(Recorded data)
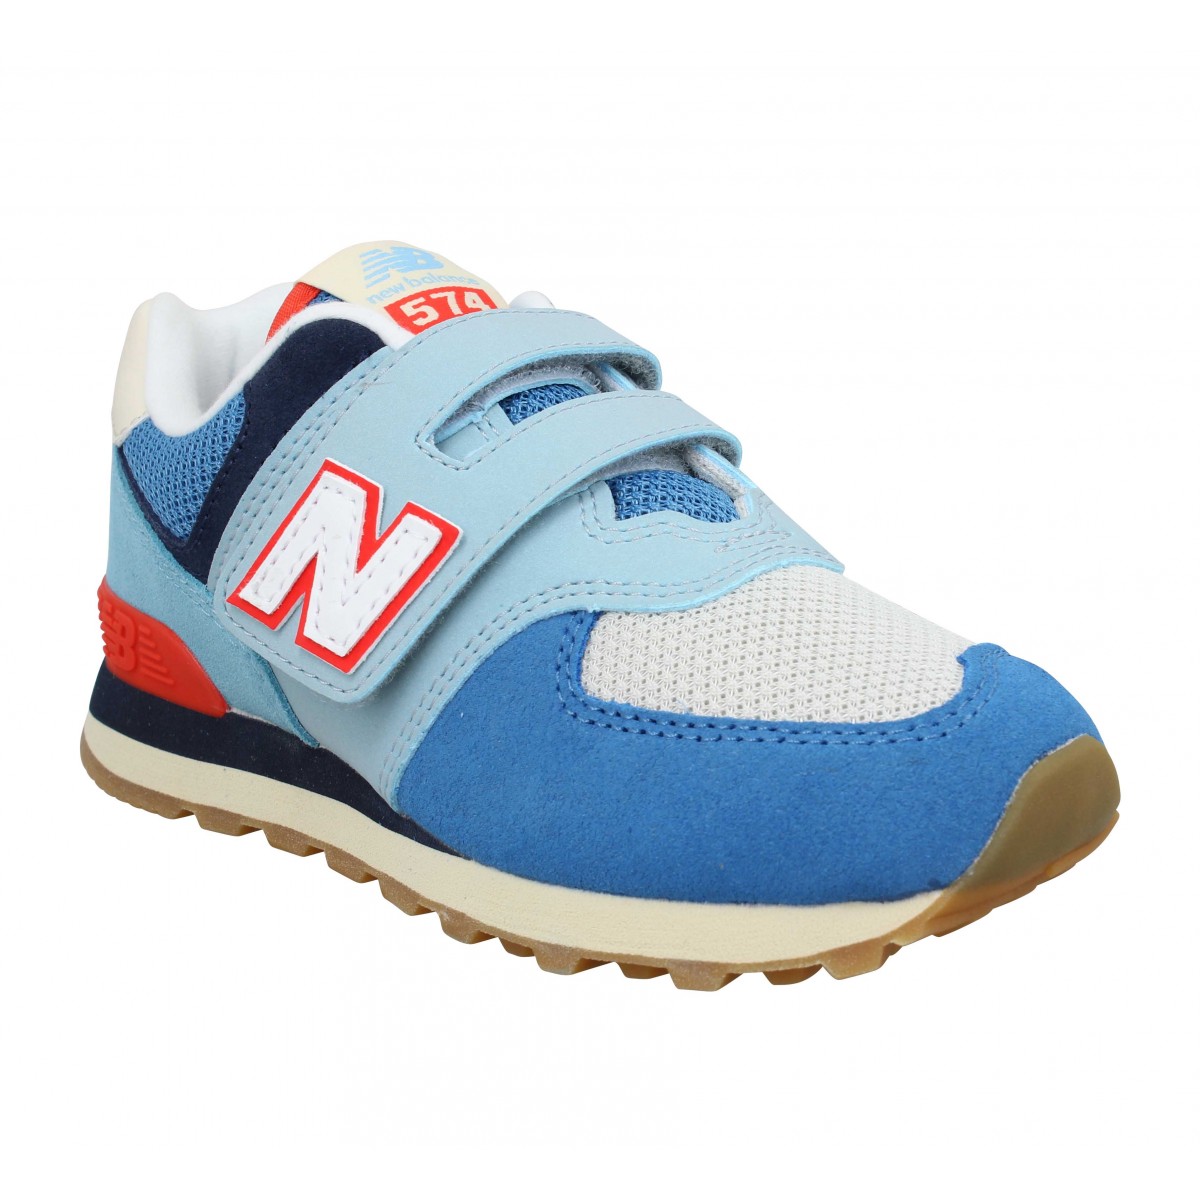 baskets new balance garcon, OFF 77%,where to buy!
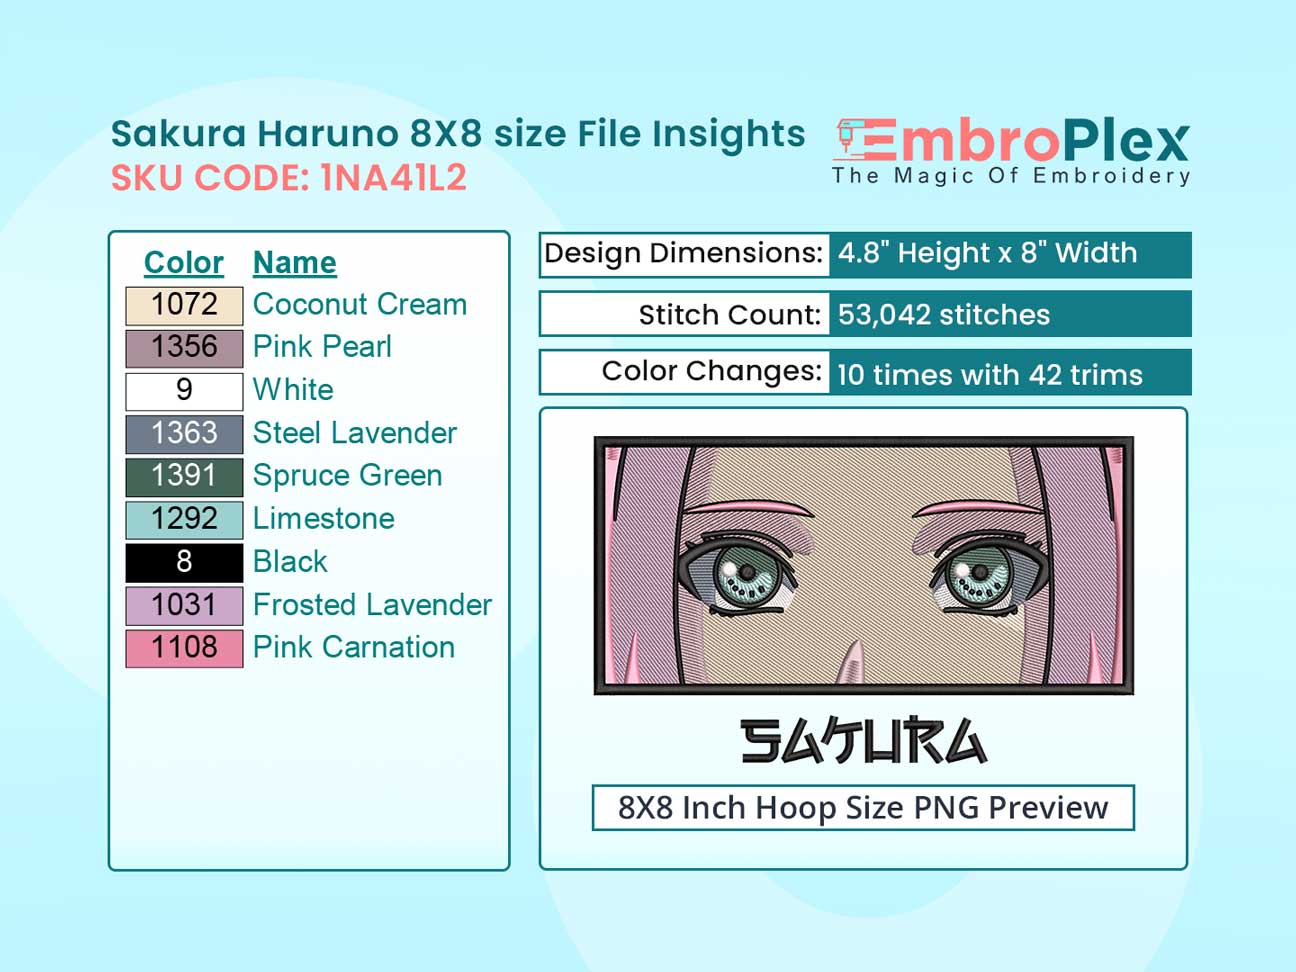 Anime-Inspired Sakura Haruno Embroidery Design File - 8x8 Inch hoop Size Variation overview image
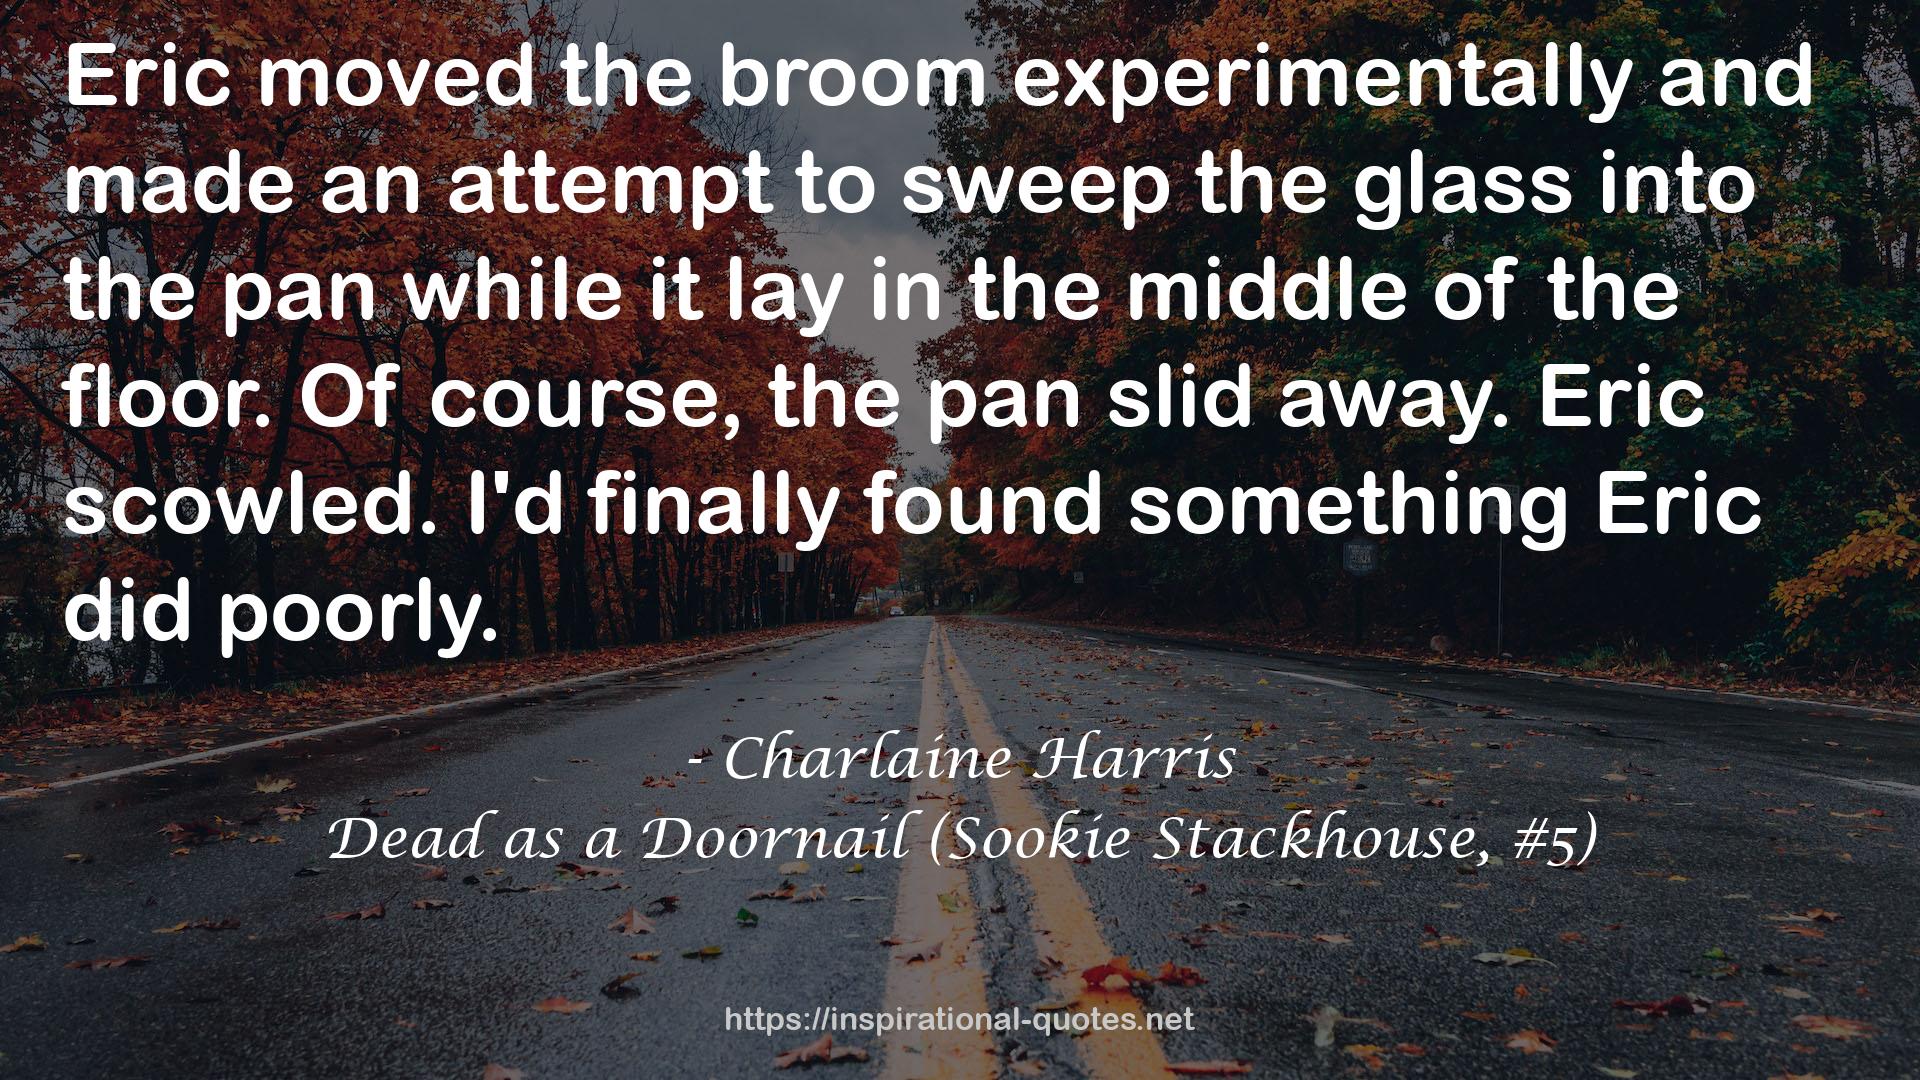 Dead as a Doornail (Sookie Stackhouse, #5) QUOTES
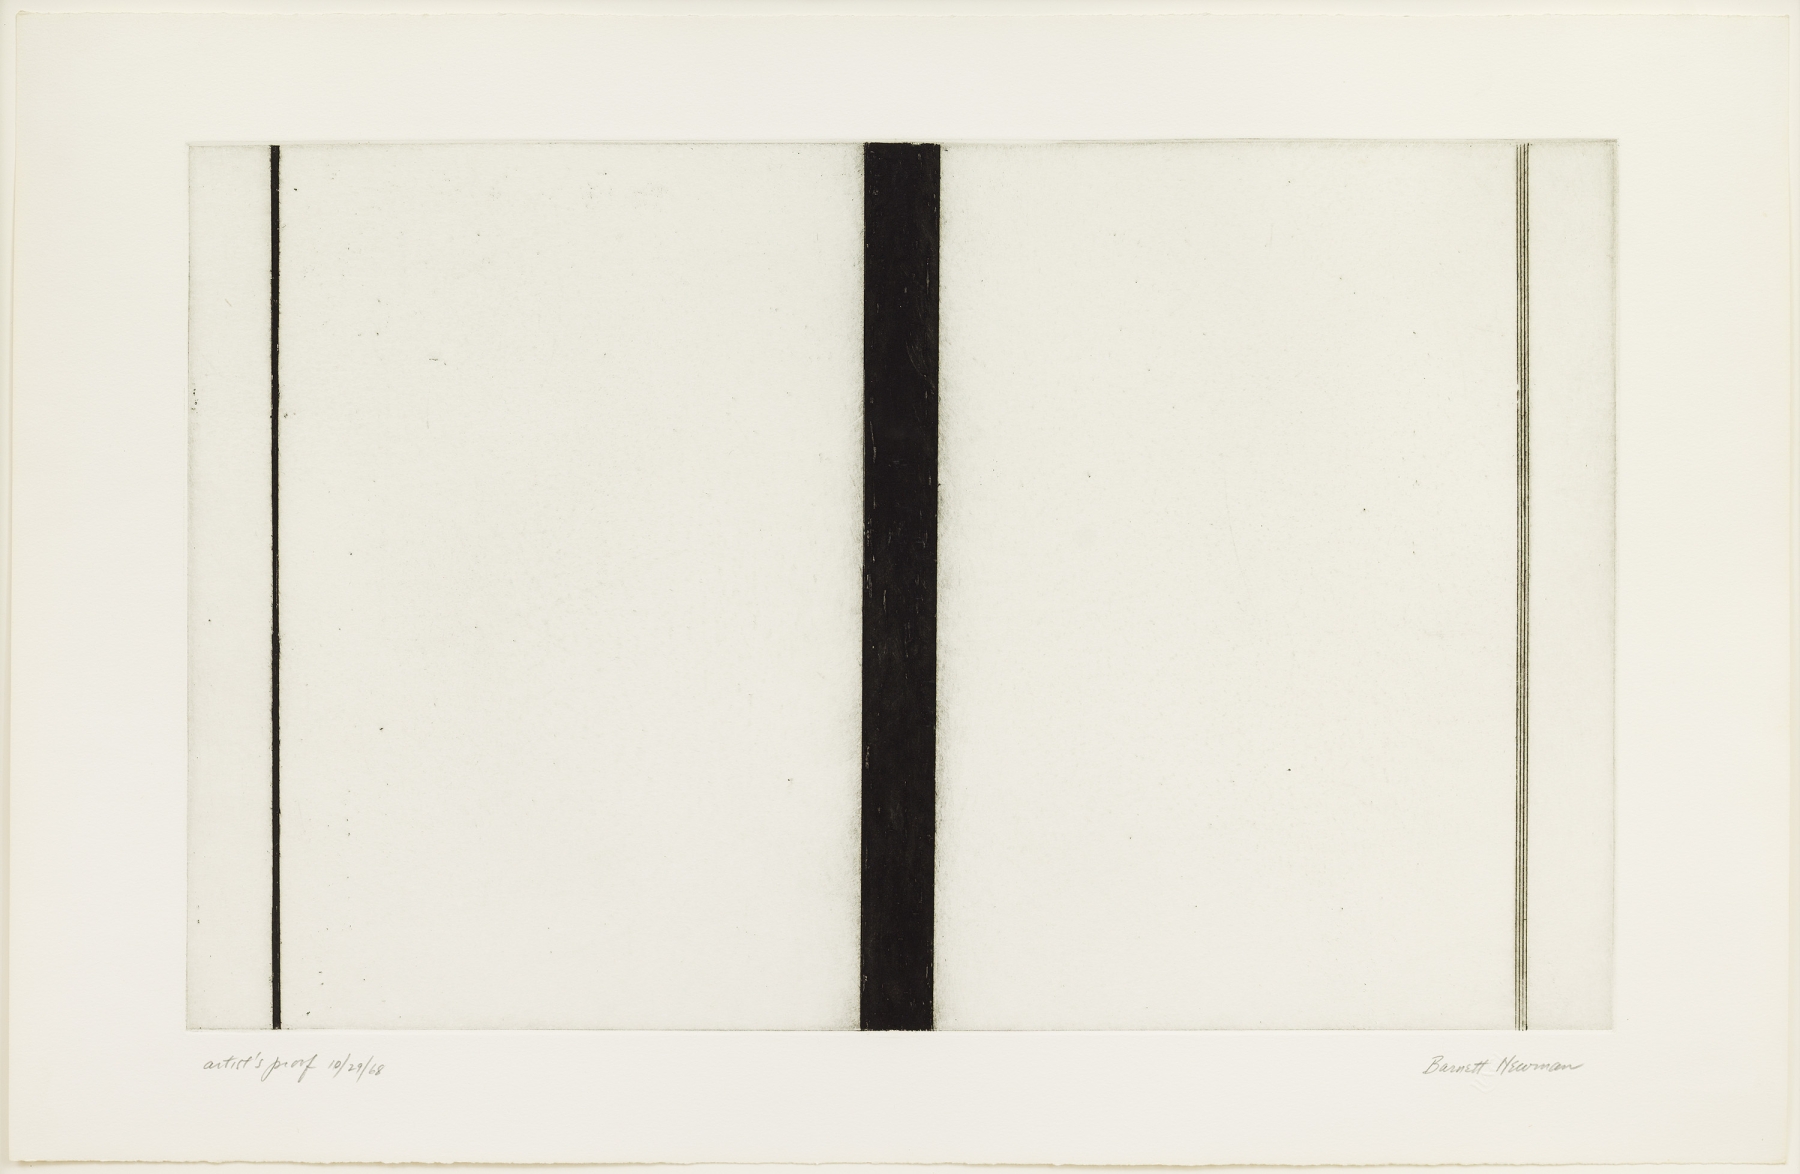 Barnett Newman,&nbsp;Untitled Etching #1, 1969. Etching and aquatint,

14 15/16 x 23 7/7 inches, plate; 19 3/16 x 29 3/4 inches, sheet.

Private Collection.
(End Recorded data)
Work instruction: Return exactly the lines from the line with "Barnett Newman,&nbsp;Untitled Etching" through the last line of the data above, both included; pictures do not go in the answer.

Completed exercise:
 Barnett Newman,&nbsp;Untitled Etching #1, 1969. Etching and aquatint,

14 15/16 x 23 7/7 inches, plate; 19 3/16 x 29 3/4 inches, sheet.

Private Collection.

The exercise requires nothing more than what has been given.